Of course, the particular impediments they will place before us will be different, but they will certainly not surrender easily.

Fourth, they will sabotage our movement. As the popularity of the concept increases in public opinion, those who benefit from the current system will find ways to vilify not only the ideological position in general, but also the movement, and its most prominent advocates. Vilification will then lead to threats, arrests, and finally, they will escalate sabotage to violence. History provides us many examples: Malcolm X, MLK, Leonard Peltier, Mumia Abu Jamal, or lesser known people like the six activists who participated in the Ferguson protests after the murder of Mike Brown who have died under mysterious conditions since https://www.rollingstone.com/culture/culture-news/ferguson-death-mystery-black-lives-matter-michael-brown-809407/.

What If?

However, as a thought experiment, let’s imagine a hypothetical scenario in which the capitalist class and their politician lackeys did simply accept the arguments made by deliberative democracy advocates, and proposed and ratified a constitutional amendment enshrining the structure of sortition-based selection and frequent rotation of all public offices, and converting all unitary offices to plural ones (e.g. an executive council rather than a president). Would this deliver real democracy?

No. If you consider the various conditions of our society, it will be clear that misogyny, racism, homophobia, and ableism will pollute the process and outcomes. Similarly, the legacies of white supremacy, Christian supremacy, settler colonialism, Liberalism, and American exceptionalism will cloud the entire project. While the implementation of formal structures aimed at bringing about more authentically democratic outcomes will play a role in addressing these social ills, if we are not actively engaged in a collective project of specifically combating them, the progress toward realizing democracy will be far slower, and more vulnerable to reactionary backlash than if we attack them vigorously as part of the same revolution.

Similarly, we must also be concerned with the inequalities that are endemic to capitalism. A society in which some are rich, some obscenely so, while others struggle, and some are utterly impoverished; in which some are well-educated and have abundant access to nutritious foods, clean water, safe and comfortable shelter, health care, and a general sense of security, while others lack access to some or all of these will not lend itself to a democratic culture. Even within the facilitated deliberations of randomly selected assembles, if they are implemented without a concomitant social revolution, the underlying biases and material class differences will significantly weaken the democracy aspect of those assemblies, and their outcomes are far less likely to have the support of the populace than a society with a socialist economy and far less socioeconomic inequity.
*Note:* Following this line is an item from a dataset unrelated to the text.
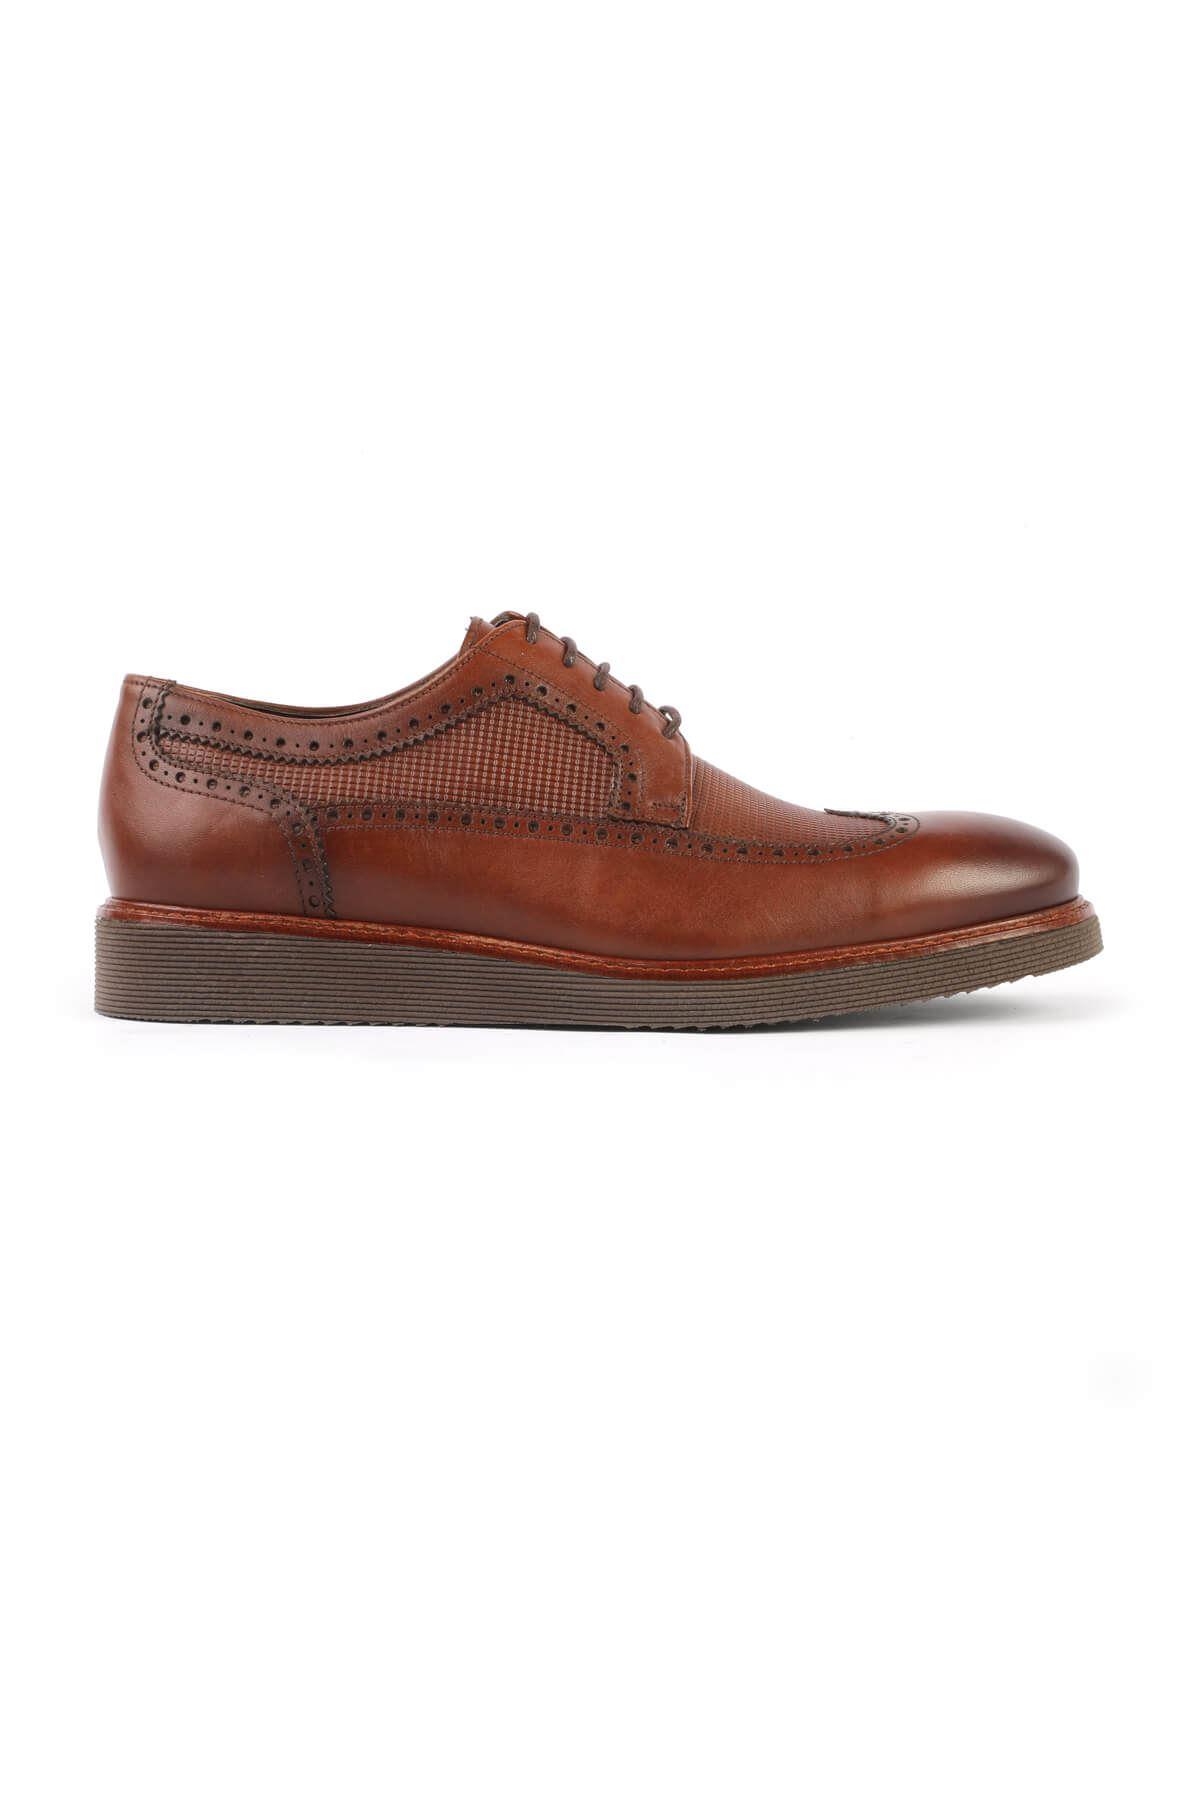 Libero C631 Brown Oxford Shoes

Perhaps more importantly, but nearly invisible to most Westerners, is the pernicious influence of imperialism. If the people of any industrialized Western nation were to supplant the capitalist ruling class, after they struggle through their internal social differences such as those noted above, it is likely that they would collectively continue policies of imperialist exploitation of Global South nations and people. Even some subsets of the Western left (here I mean the actual left, the anticapitalist left, not liberals, who are right wing) fail to develop a strong proletarian internationalism, which is a necessary component of real democracy, and a necessary part of the defense against capitalist restoration (and thereby, the destruction of democracy).
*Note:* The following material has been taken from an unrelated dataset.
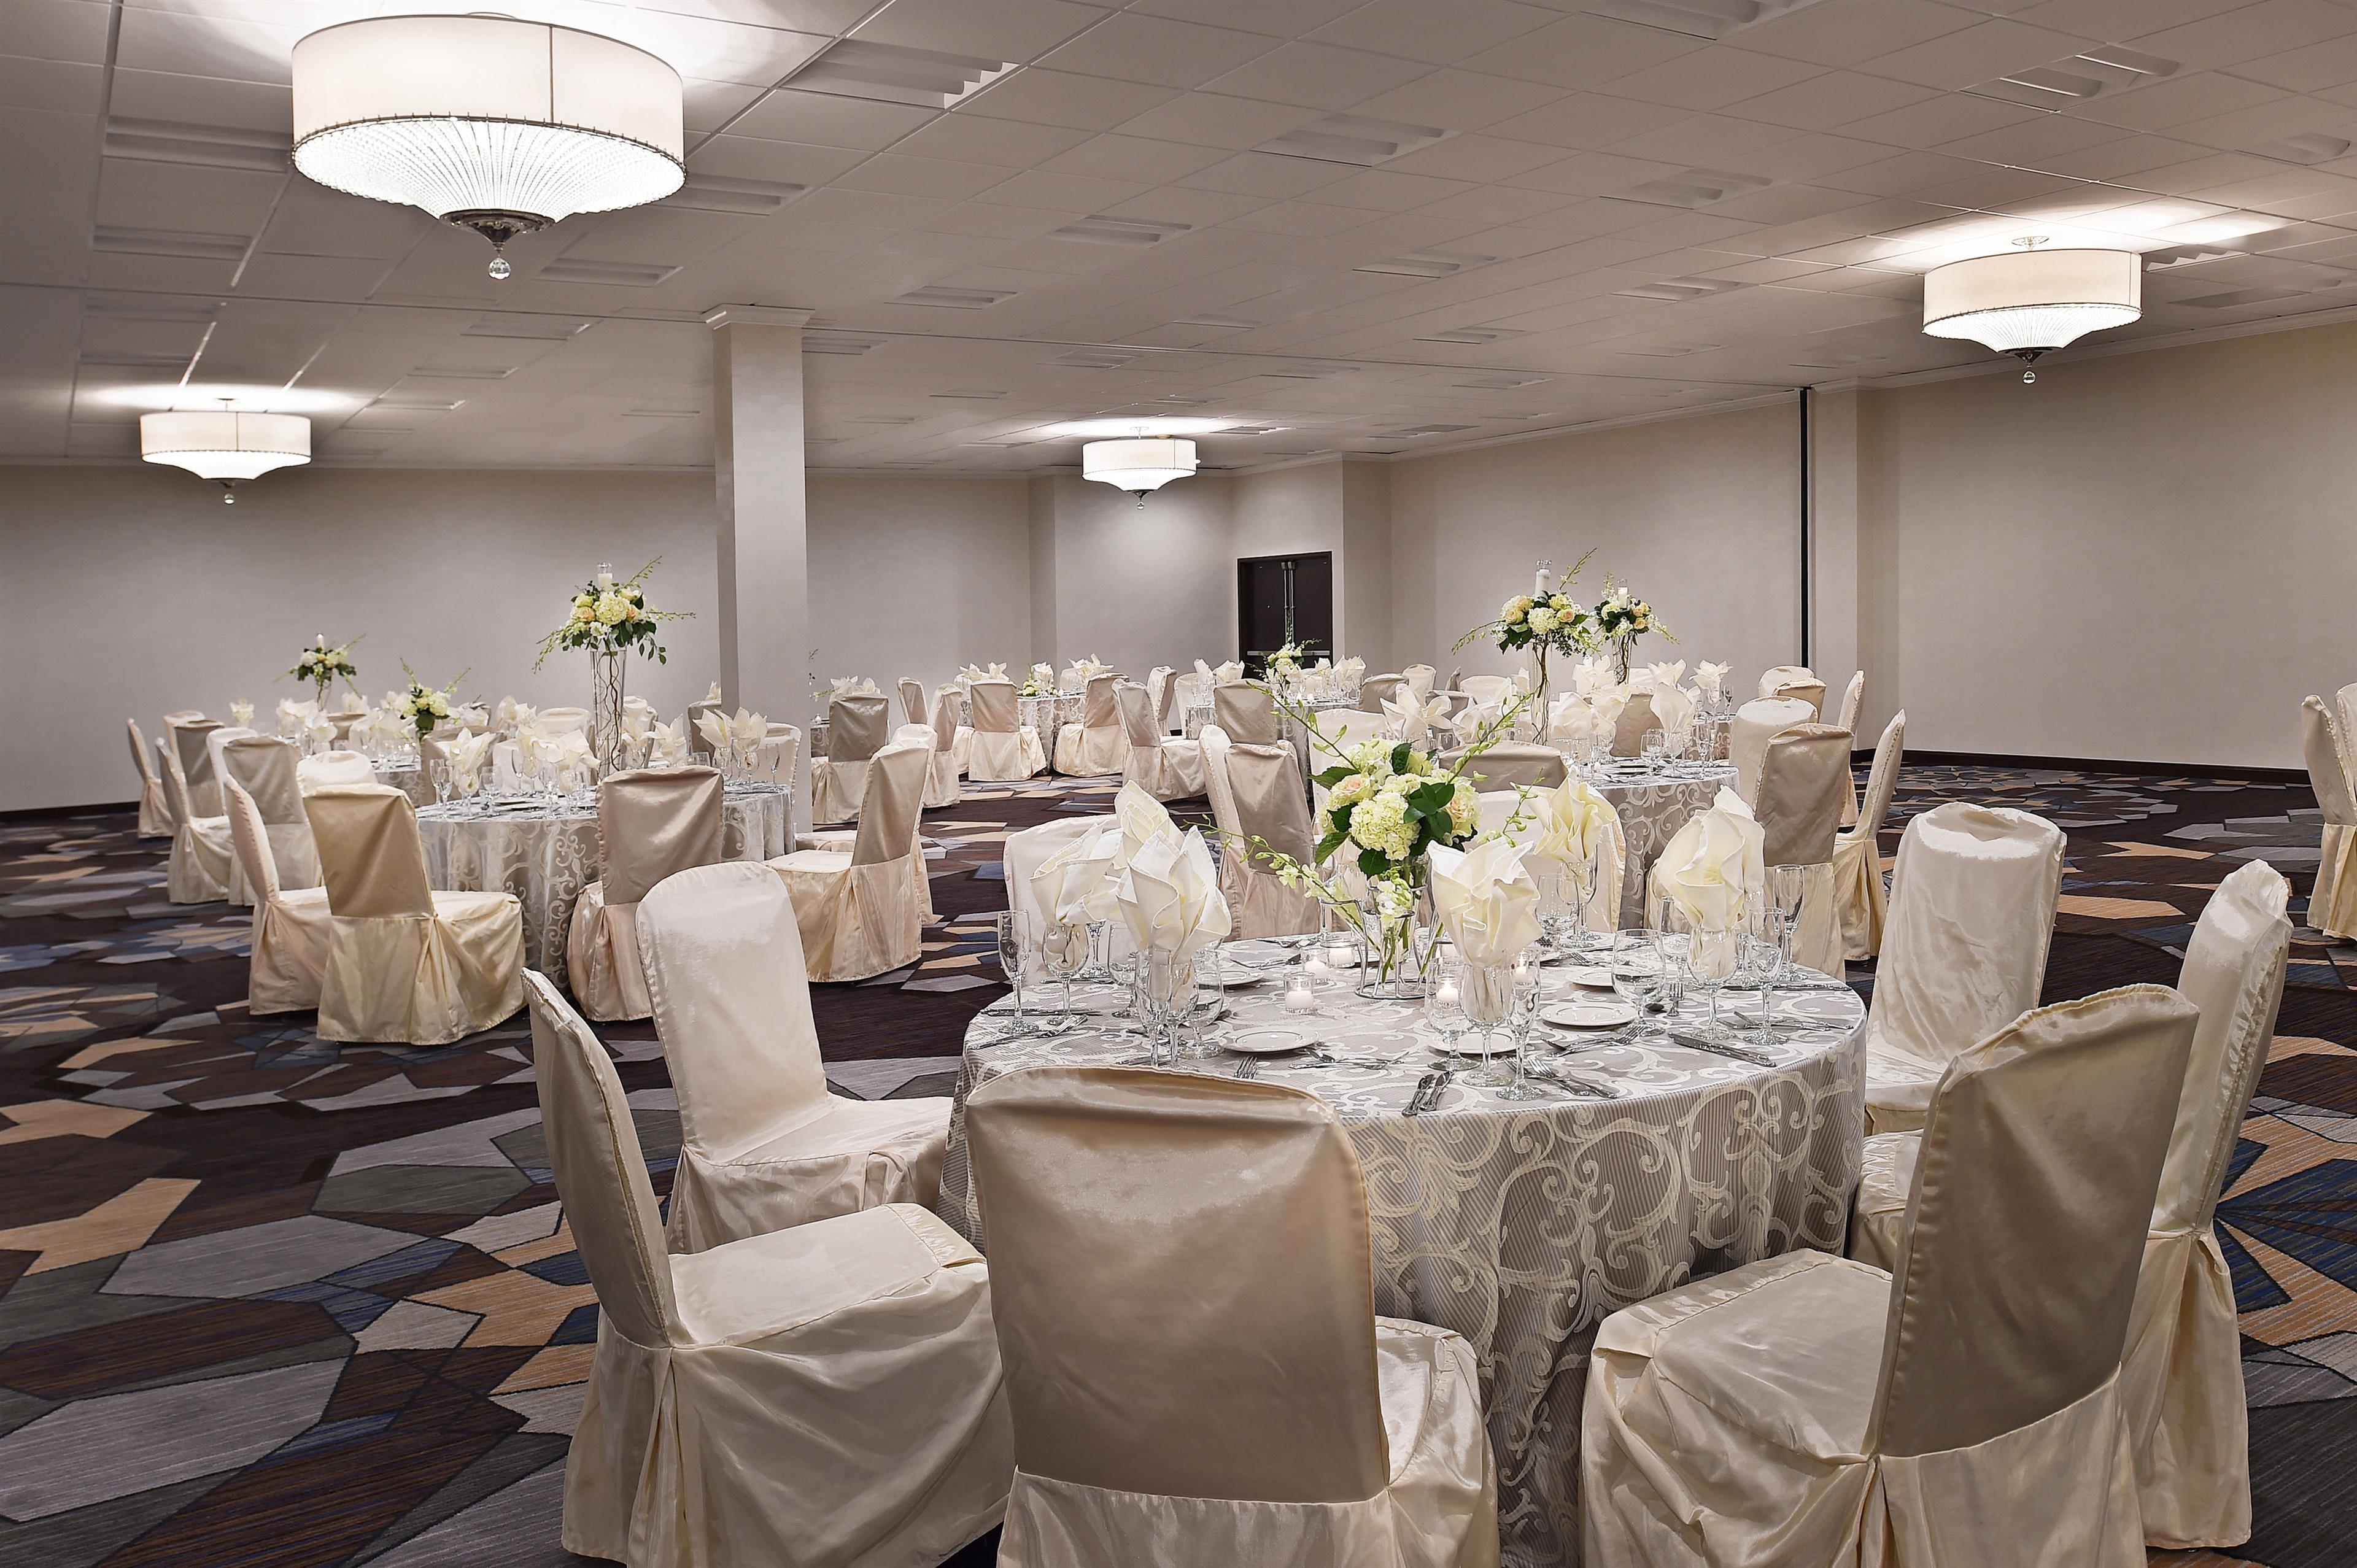 Sheraton Westport Plaza Hotel St. Louis image 21

This makes us natural allies of socialist, communist, and anarchist revolutionaries, and enemies of the capitalist class, and those who uphold the state apparatus that maintains their power and oppresses the rest of us. The tendency to pursue liberal reformist strategies instead of building a revolutionary movement is perhaps understandable given the centuries of liberal social conditioning to which we’ve all been subjected, but continuing to do so after a thorough analysis of the obstacles to achieving real democracy, via demarchy or any other course that might seem viable, is clearly folly.